━━━ SUPPLIED MATERIAL ━━━

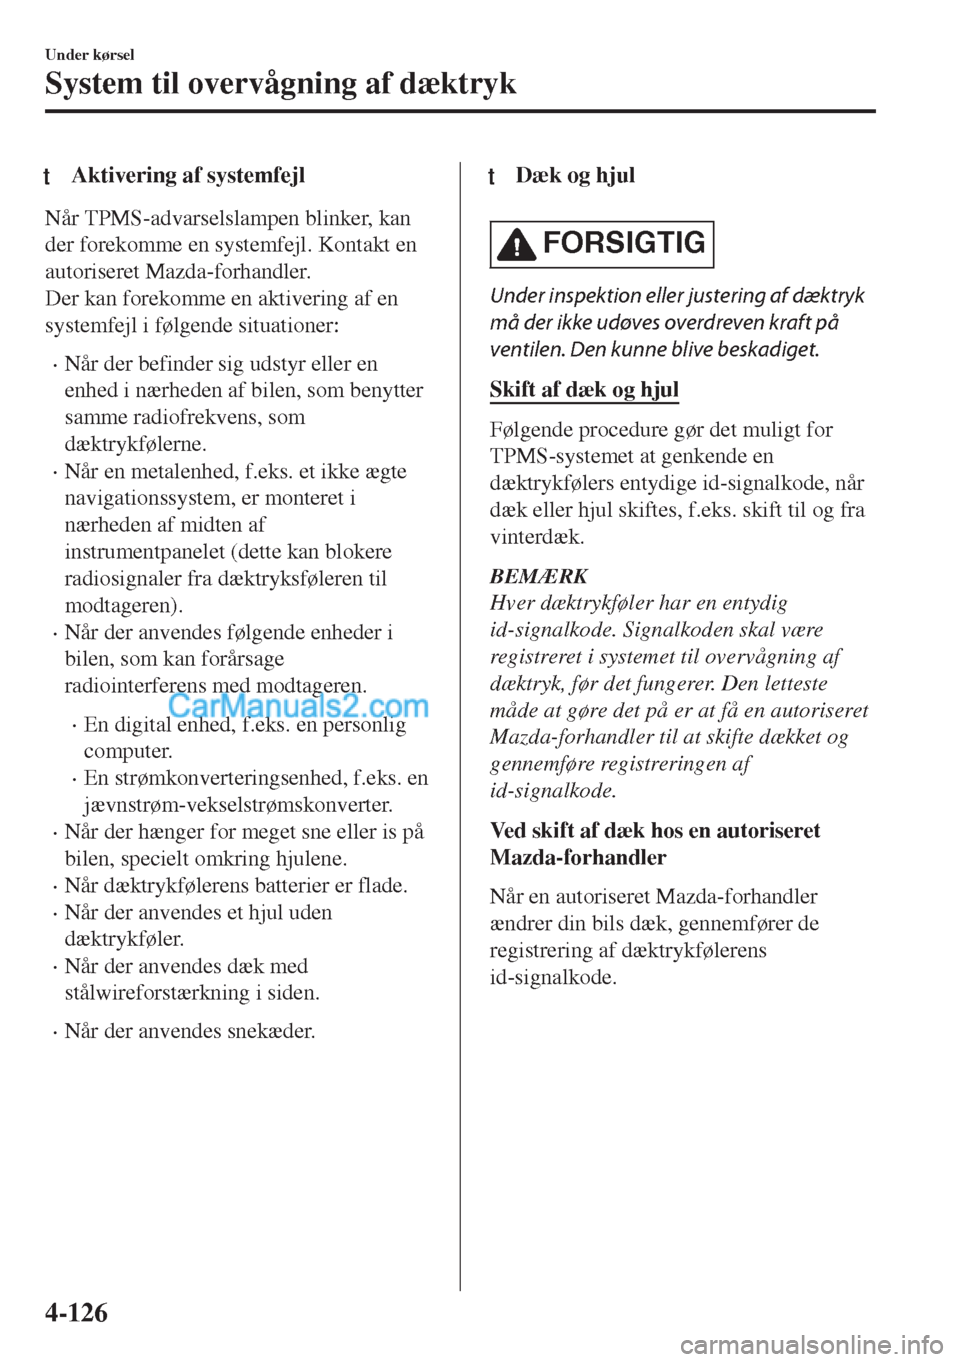 MAZDA MODEL MX-5 2017  Instruktionsbog (in Danish) tAktivering af systemfejl
Når TPMS-advarselslampen blinker, kan
der forekomme en systemfejl. Kontakt en
autoriseret Mazda-forhandler.
Der kan forekomme en aktivering af en
systemfejl i følgende situ

━━━

→ WHAT YOU SHOULD DO
Using the listing above, return all lines where the word "forekomme" occurs.

→ OUTPUT FOR THIS EXERCISE
der forekomme en systemfejl. Kontakt en
Der kan forekomme en aktivering af en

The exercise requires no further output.